By hashing the indexing, we can do the mapping between the index and the location in memory where we can read the value quickly.


### Hash functions

- Function that can be used to map data of any size to a fixed-size values
- A hash function is usually a one-way function (it can't be inverted)
- Used to index hash tables 
- Cryptographic applications



### Hash functions

- The hash function is the most important componen of a hash tacle
- Example: $F(x) = x % 5$
- We need to pick a function with a wide range to avoid collisions 
- The function should assign the key to the bucket in a uniform manner
- Ideally a one-one mapping between the key and the bucket
- Hash functions are usually not perfect and there is a tradeoff between the number of buckets and the capacity of a bucket


### Hash functions - collisions

- Collisions are inevitable
- We need an algorithm to solve the following questions:

    - how do we organize values in the same bucket?
    - what happens if the bucket has too many keys assigned?
    - how do we search a target value in a bucket?

## Complexity Analysis

Assuming $N$ keys in total:

- Space complexity is $O(N)$
- Search $O(1)$, depends on the design of the table. In the worst case this can be $O(N)$


### Exercise 1

Design a HashSet without using any built-in hash table libraries.

Implement HashSet class:

- void add(key) Inserts the value key into the HashSet.
- bool contains(key) Returns whether the value key exists in the HashSet or not.
- void remove(key) Removes the value key in the HashSet. If key does not exist in the HashSet, do nothing.
 

### Exercise 2

Design a HashMap without using any built-in hash table libraries.
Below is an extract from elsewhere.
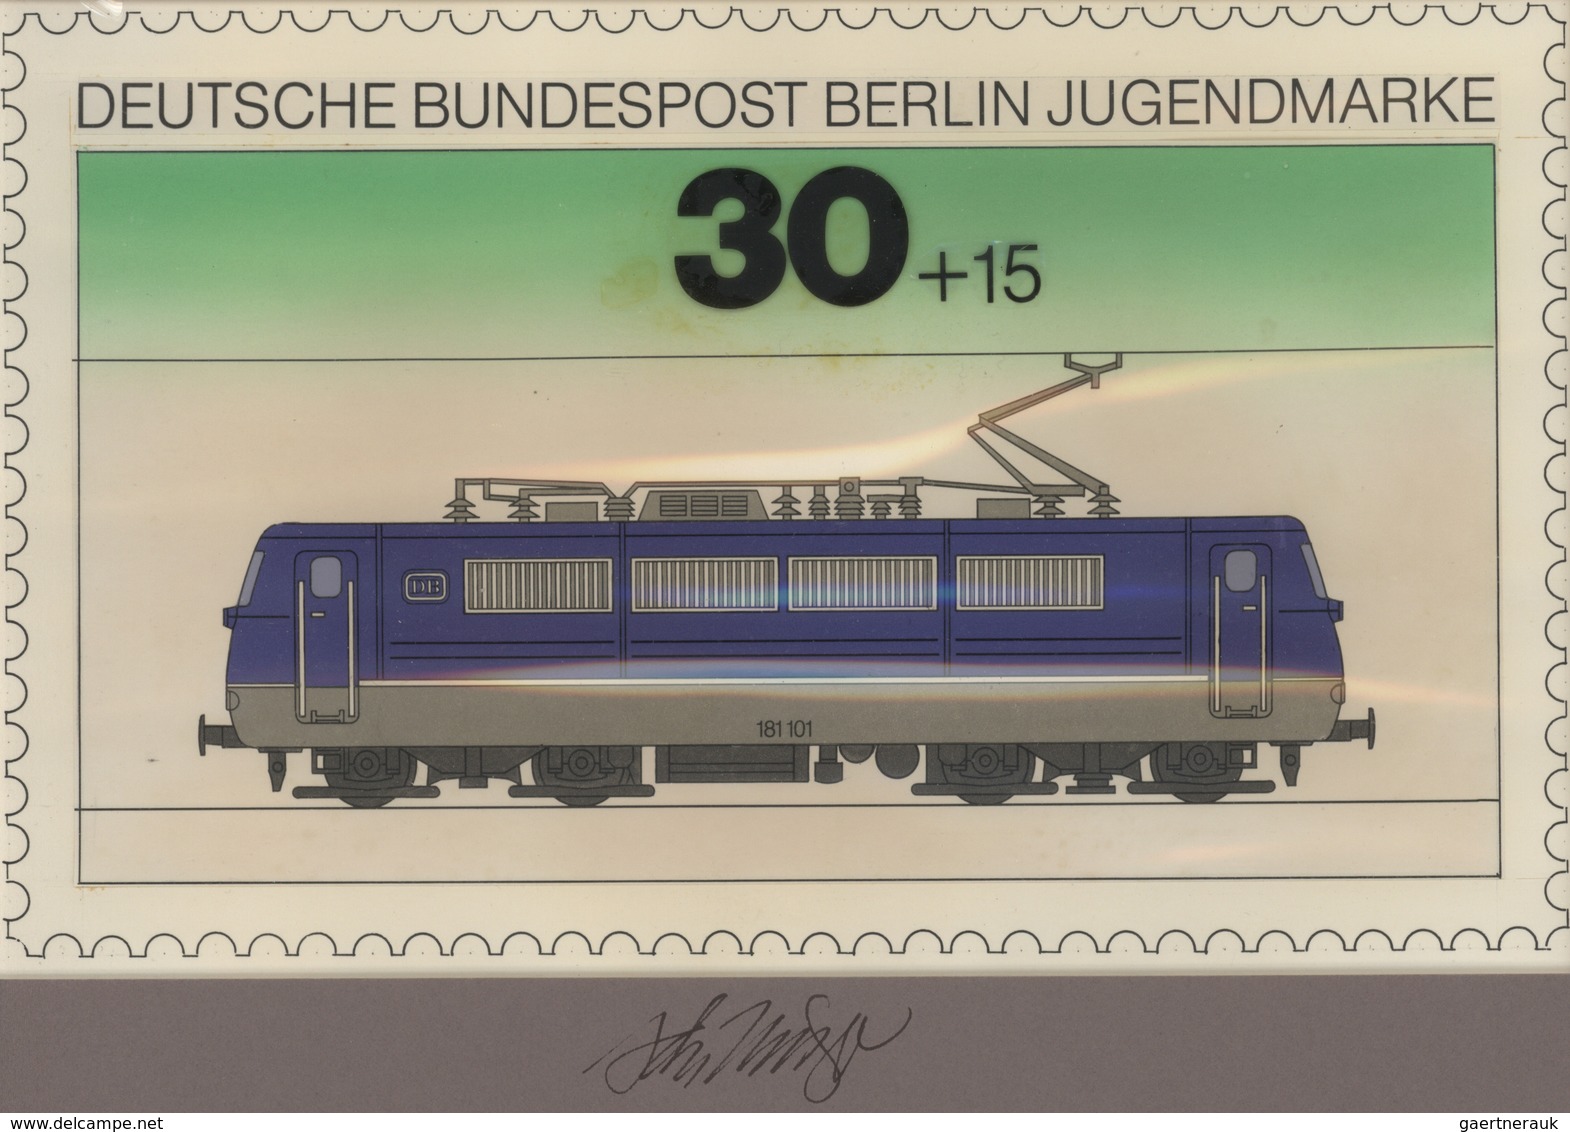 Thematik: Eisenbahn / Railway: 1975, Berlin, Nicht Angenommener Künstlerentwurf (27x16,5) Von Prof. - Trains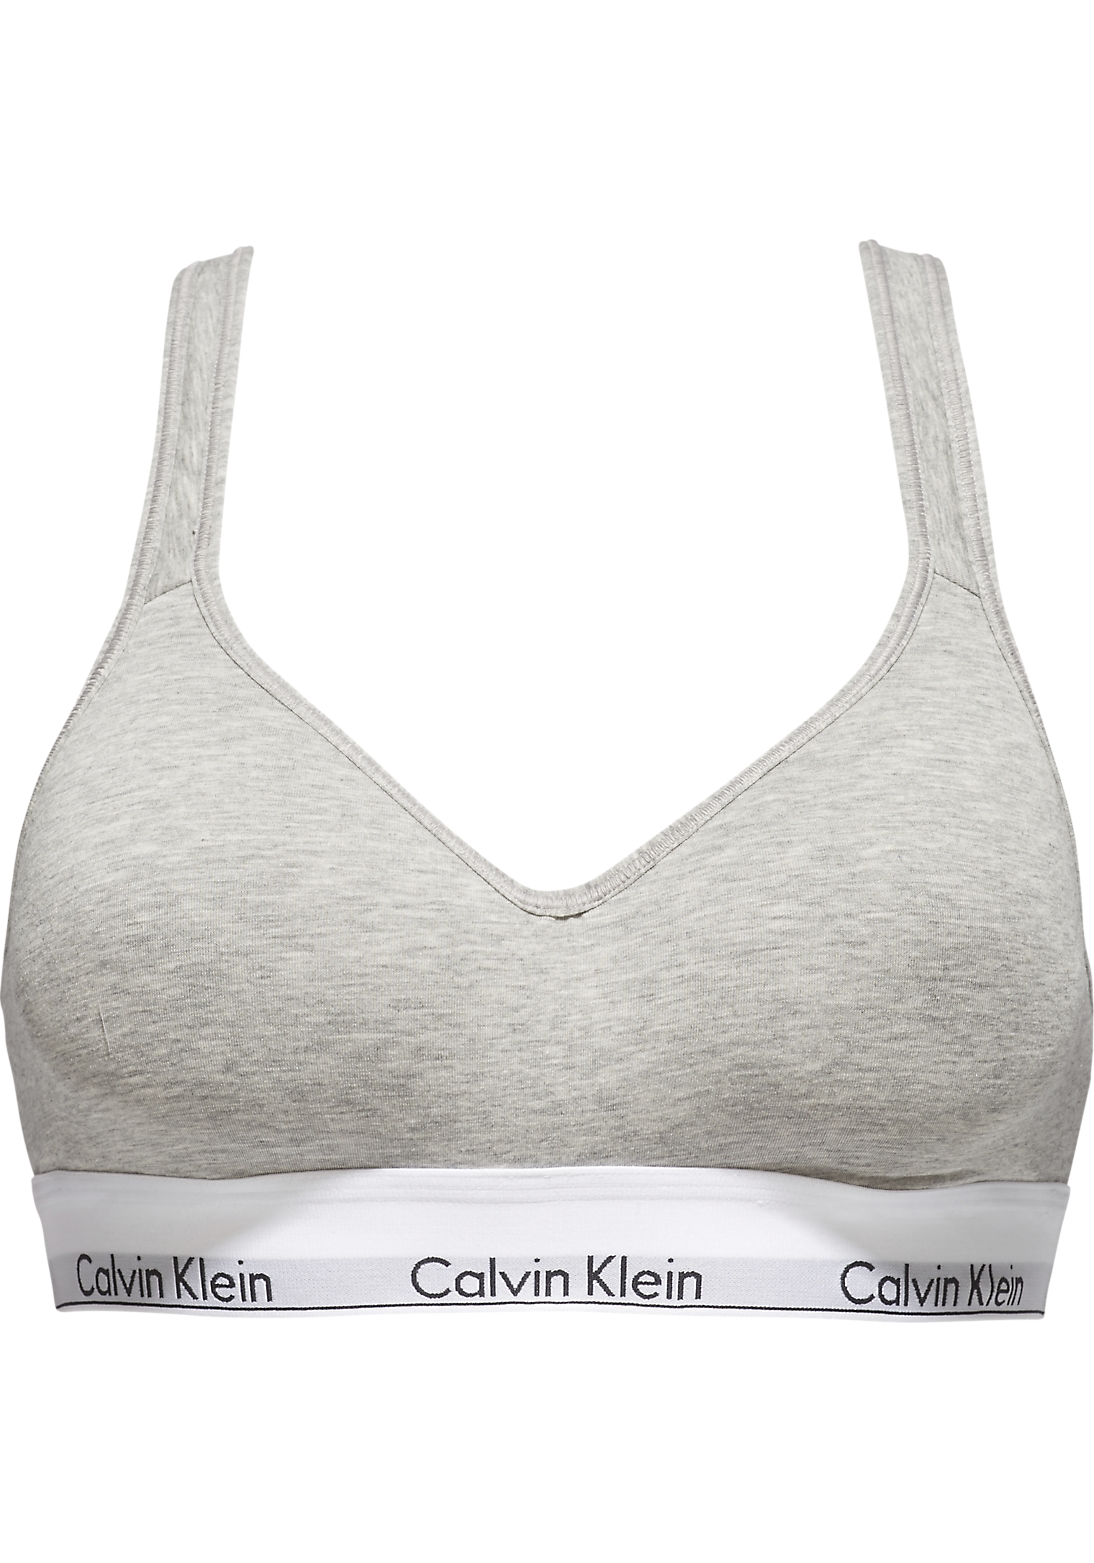 Calvin Klein dames Modern Cotton bralette top, met voorgevormde cups, grijs

Implement the HashMap class:

- HashMap() initializes the object with an empty map.
- void put(int key, int value) inserts a (key, value) pair into the HashMap. If the key already exists in the map, update the corresponding value.
- int get(int key) returns the value to which the specified key is mapped, or -1 if this map contains no mapping for the key.
- void remove(key) removes the key and its corresponding value if the map contains the mapping for the key.